1/2 hr to an hour seems reasonable for tubes or class A SS. Anything more than that is an inconvenience I'd say calls for the designer to go back to the drawing board and solve the problem.
Tim
Like the old and venerable (Madrigal Labs) Mark Levinson 20.6 Class A monoblocks. I heard they needed at least a day turned on to sound their best....maybe even longer. I didn't have any direct experience with those amps though.
1/2 hr to an hour seems reasonable for tubes or class A SS. Anything more than that is an inconvenience I'd say calls for the designer to go back to the drawing board and solve the problem.
Sorry to mention the unmentionable, but has this phenomenon, in SS gear, ever been measured and verified, either with instruments or through blind listening? As usual, I'm skeptical. But beyond that, I'm pretty appalled. If this is real it is screaming for a solution. Gear that needs to warm up for hours before it performs well? Not with my money....

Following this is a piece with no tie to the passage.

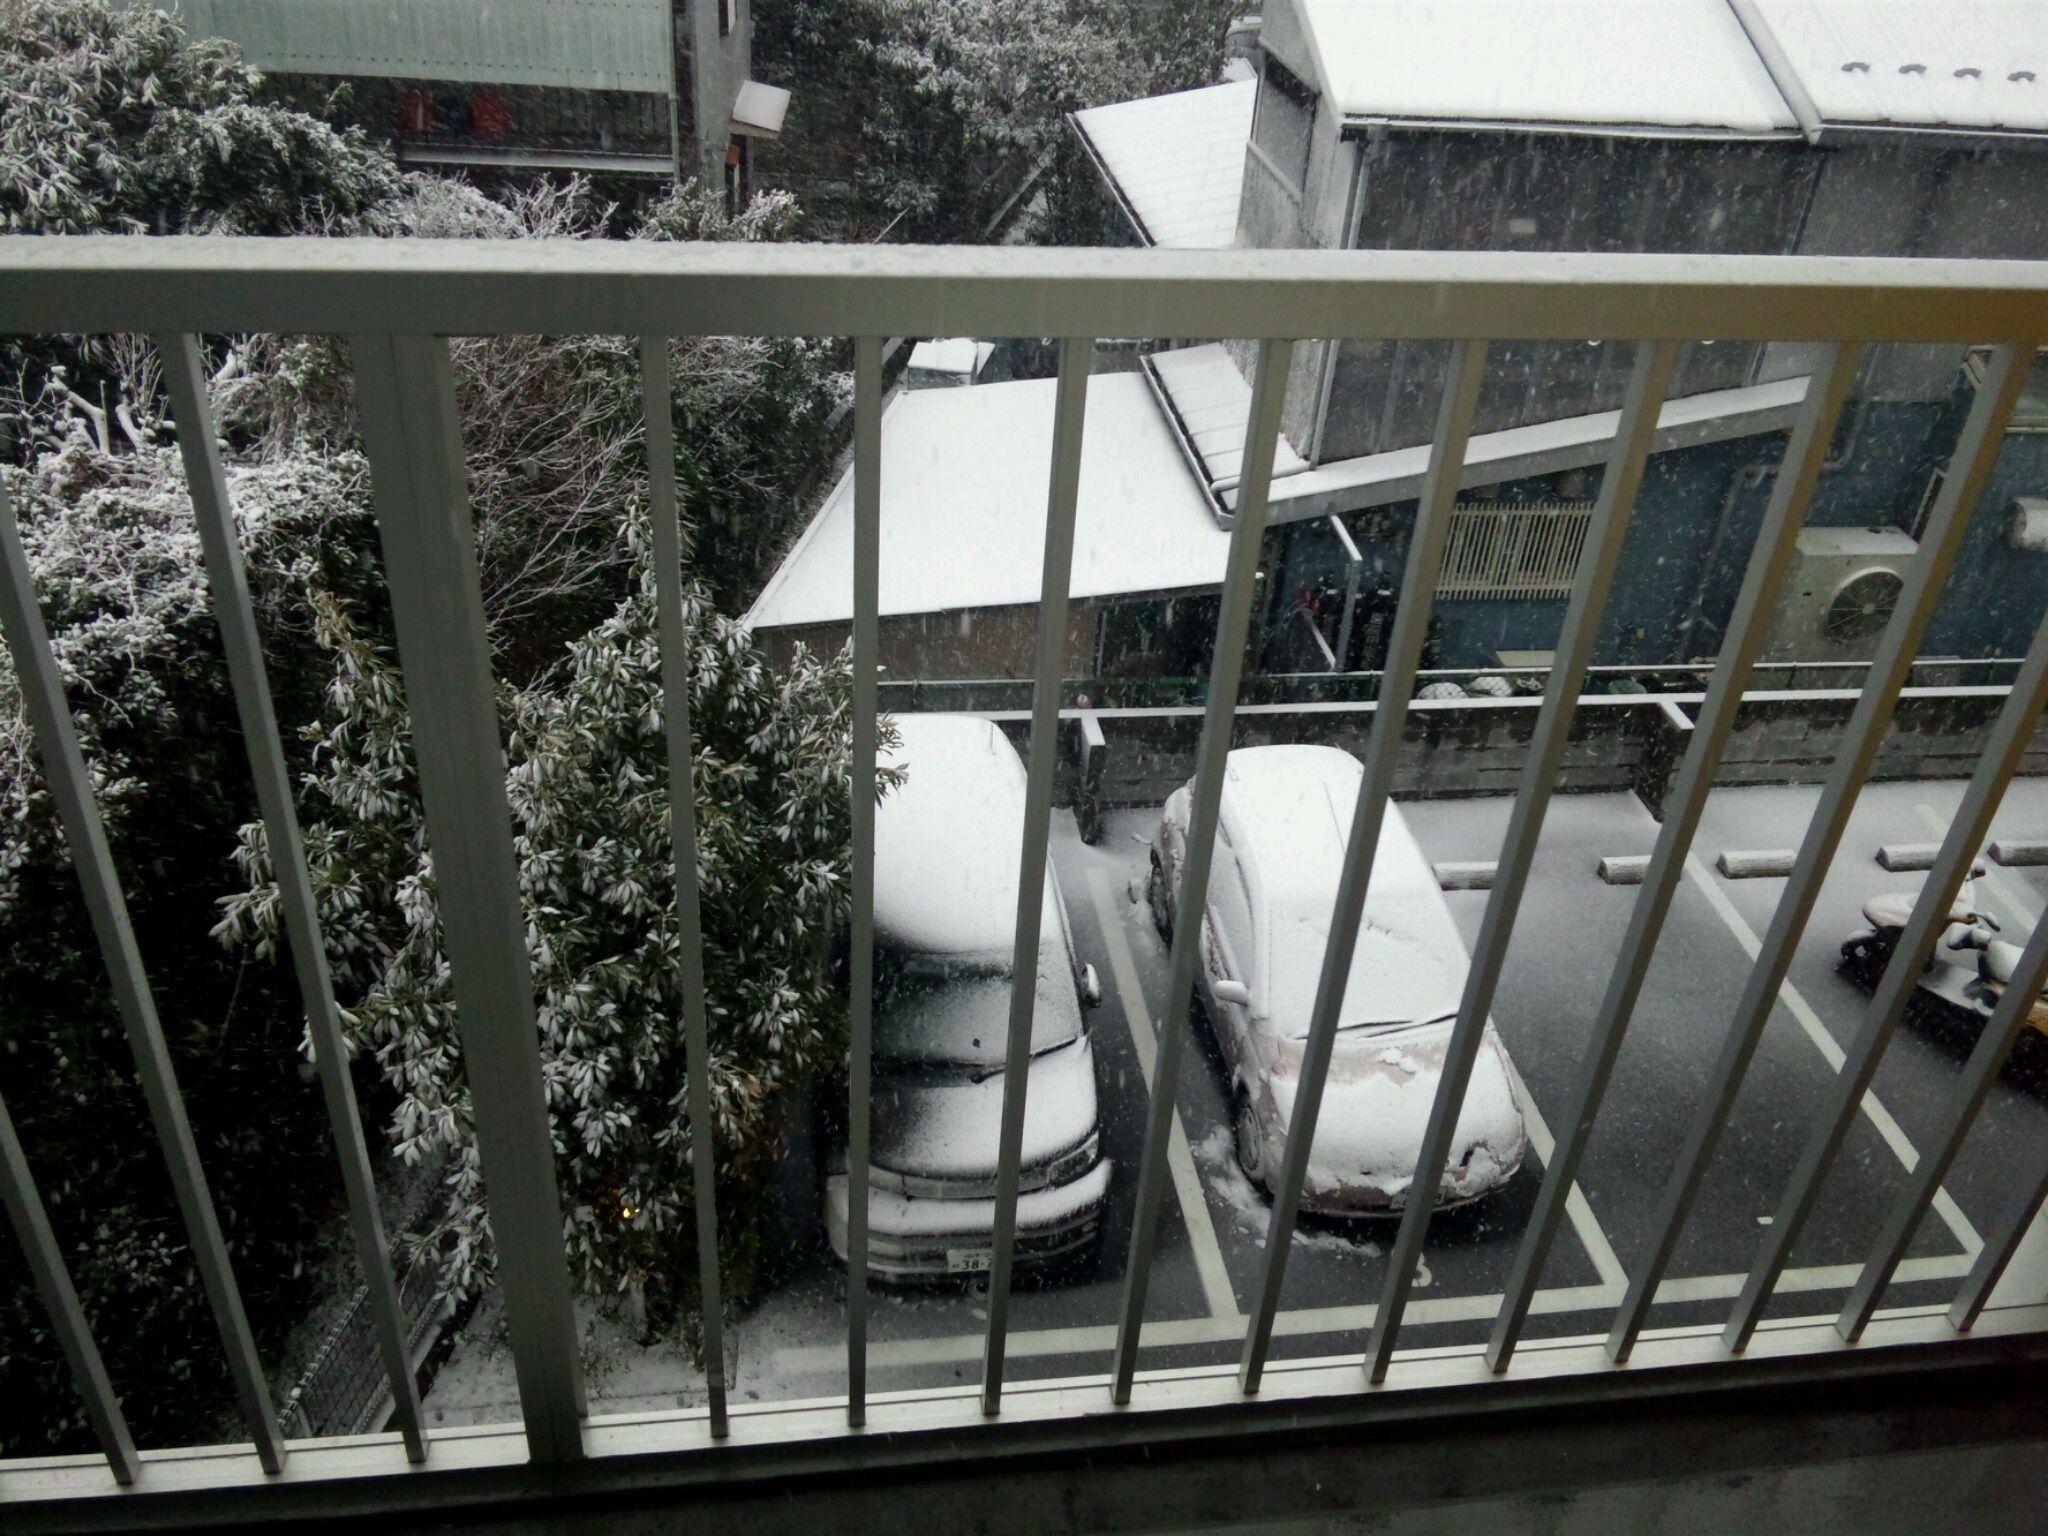 藤沢は、雪です。おそらくこれが、今年最後の「なごり雪」となるでしょう。

Sorry to mention the unmentionable, but has this phenomenon, in SS gear, ever been measured and verified, either with instruments or through blind listening? As usual, I'm skeptical. But beyond that, I'm pretty appalled. If this is real it is screaming for a solution. Gear that needs to warm up for hours before it performs well? Not with my money....

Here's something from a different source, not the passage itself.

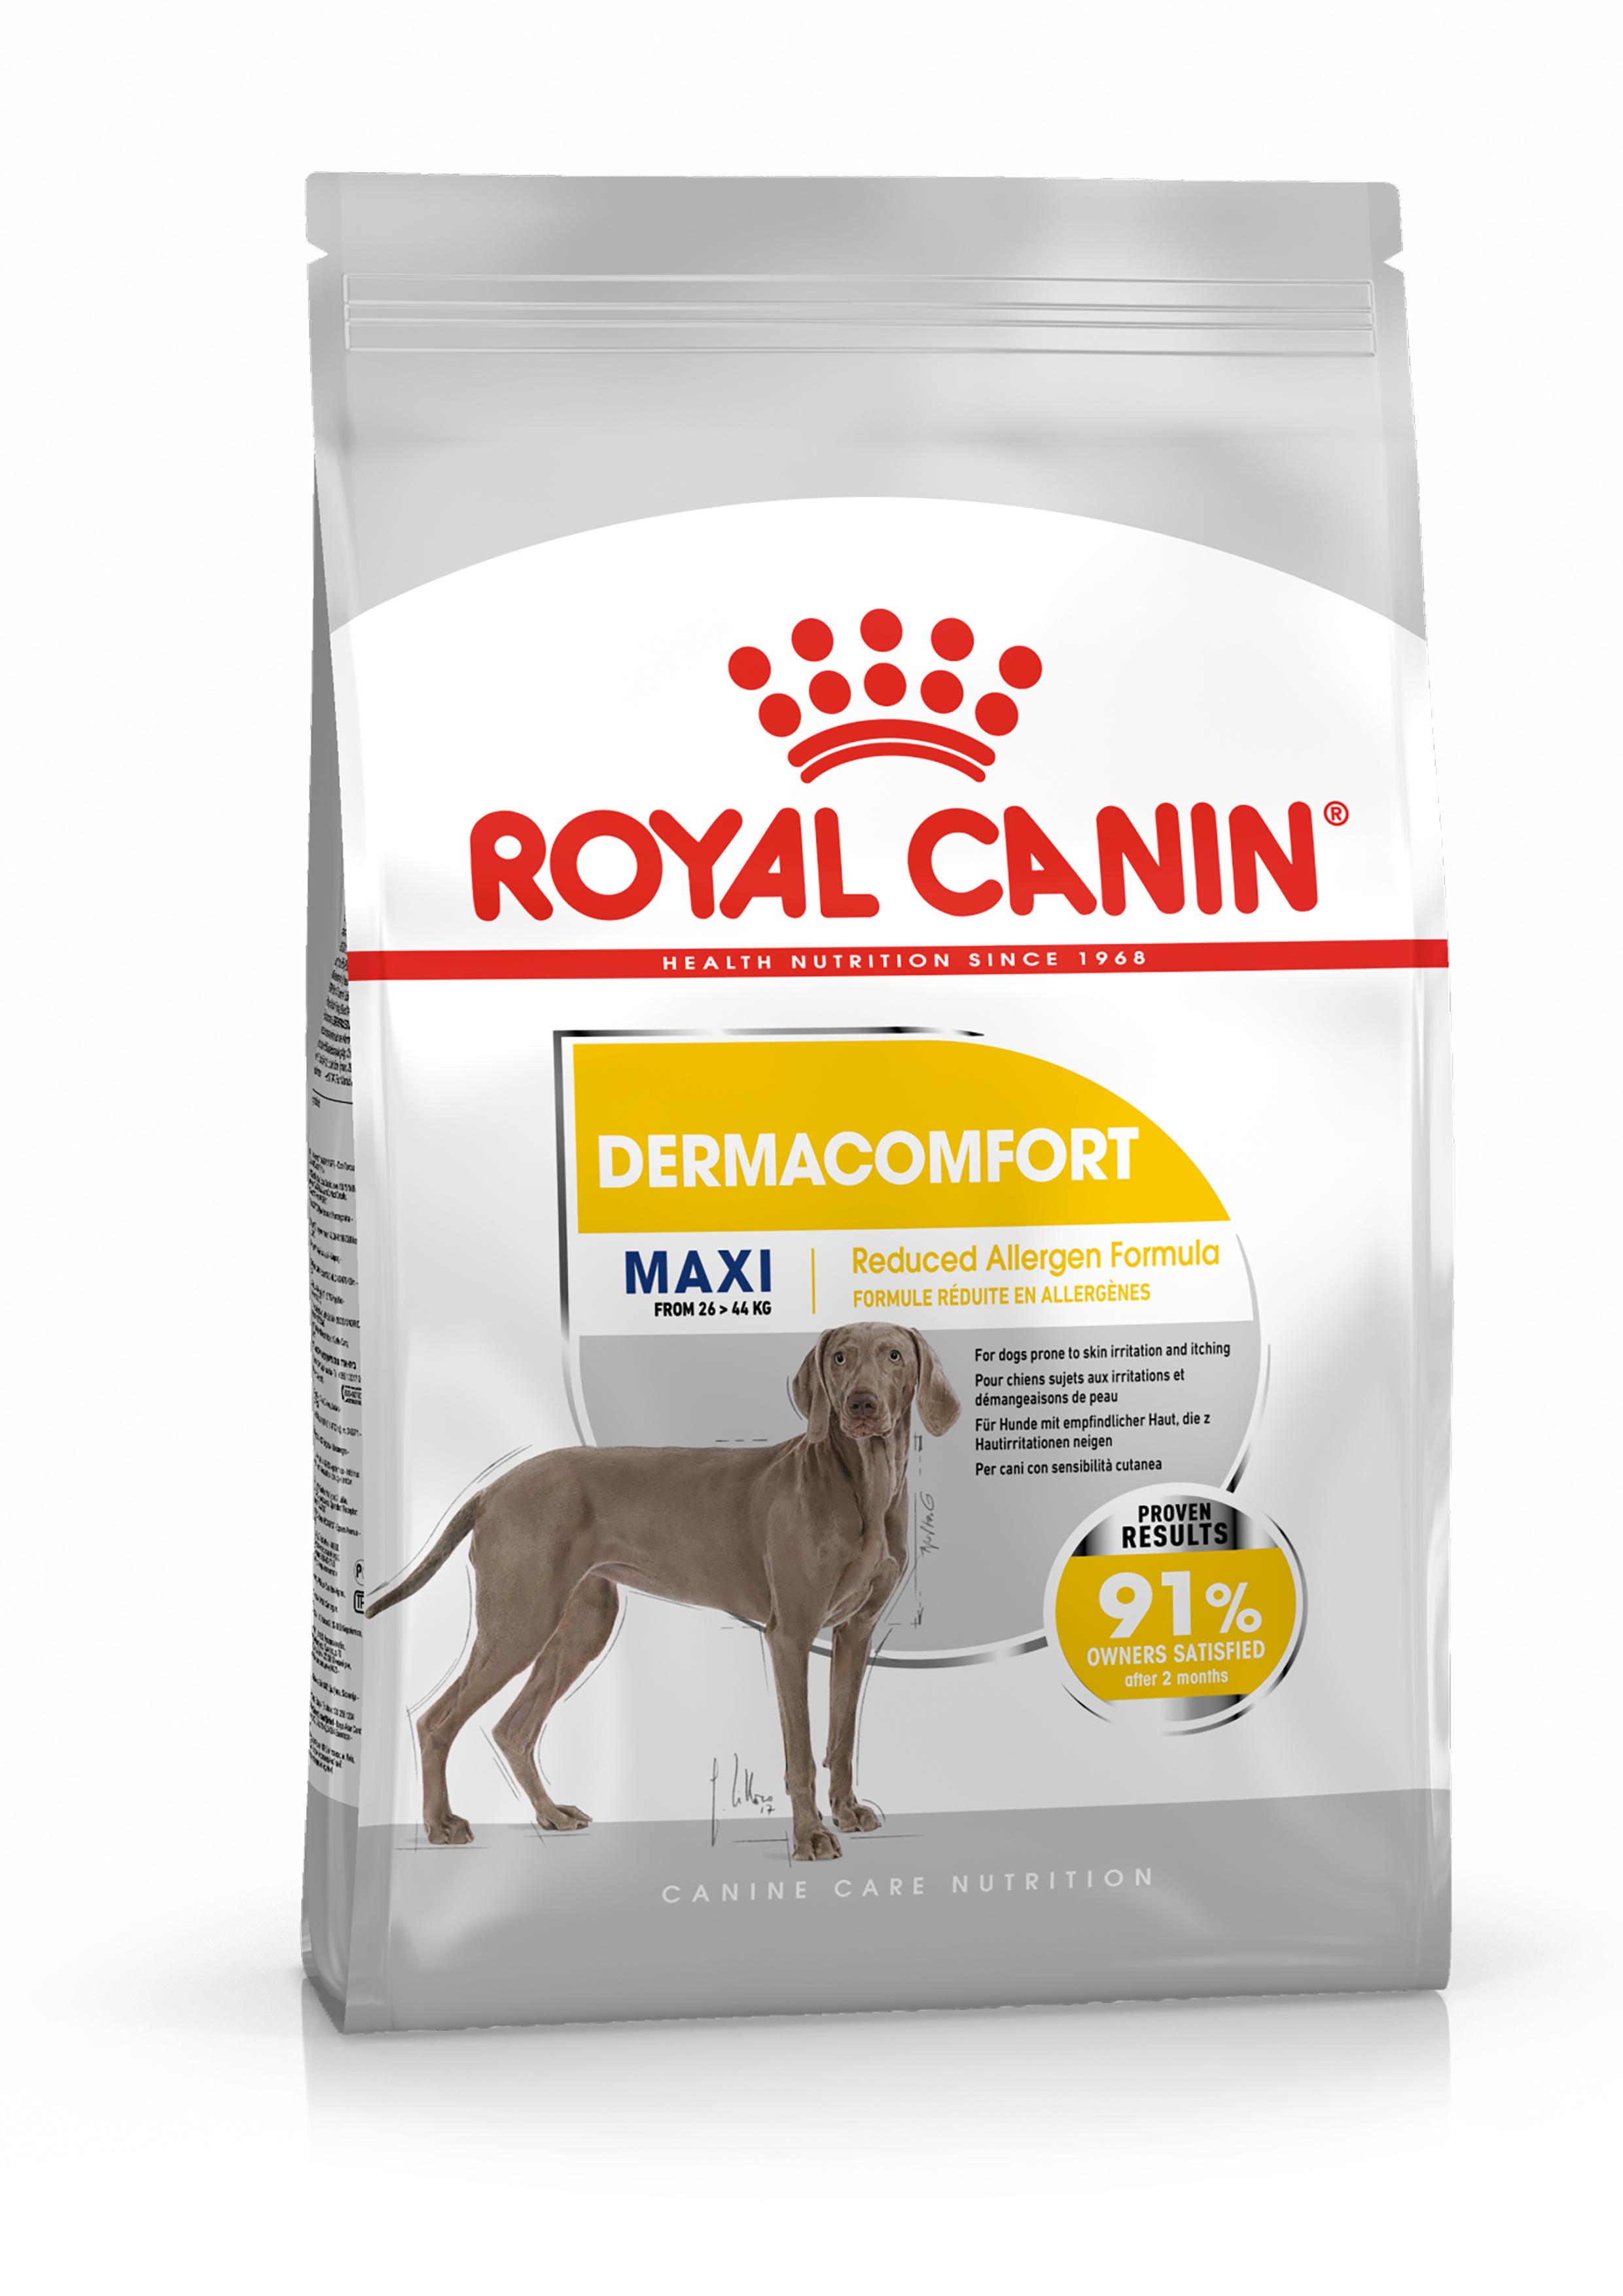 Afbeelding Royal Canin Maxi Dermacomfort hondenvoer 3 kg door Brekz.nl

Are you sure? Are you sure that the equipment running on idle, for any length of time, is adequate at all? For it to come up to its true potential, doesn't it seem that the "warm-up" time would have to be active - you'd have to be playing the system, working its circuits in the same way they're worked when playing (maybe even with the same music?), in order to prepare it for performance? A musician doesn't warm up his hands for a performance by wrapping them in a heating pad, he plays. What could these phenomenon -- break-in and warm-up time -- possibly be unless we're talking about some molecular change, some response, not only to the heat but to the movement of electrons through the circuits? And...come to think of it...why would it always be a positive? Why wouldn't some designs, some cirucuits sound better cold? Or have some peak temperature below or above which the sound is compromised?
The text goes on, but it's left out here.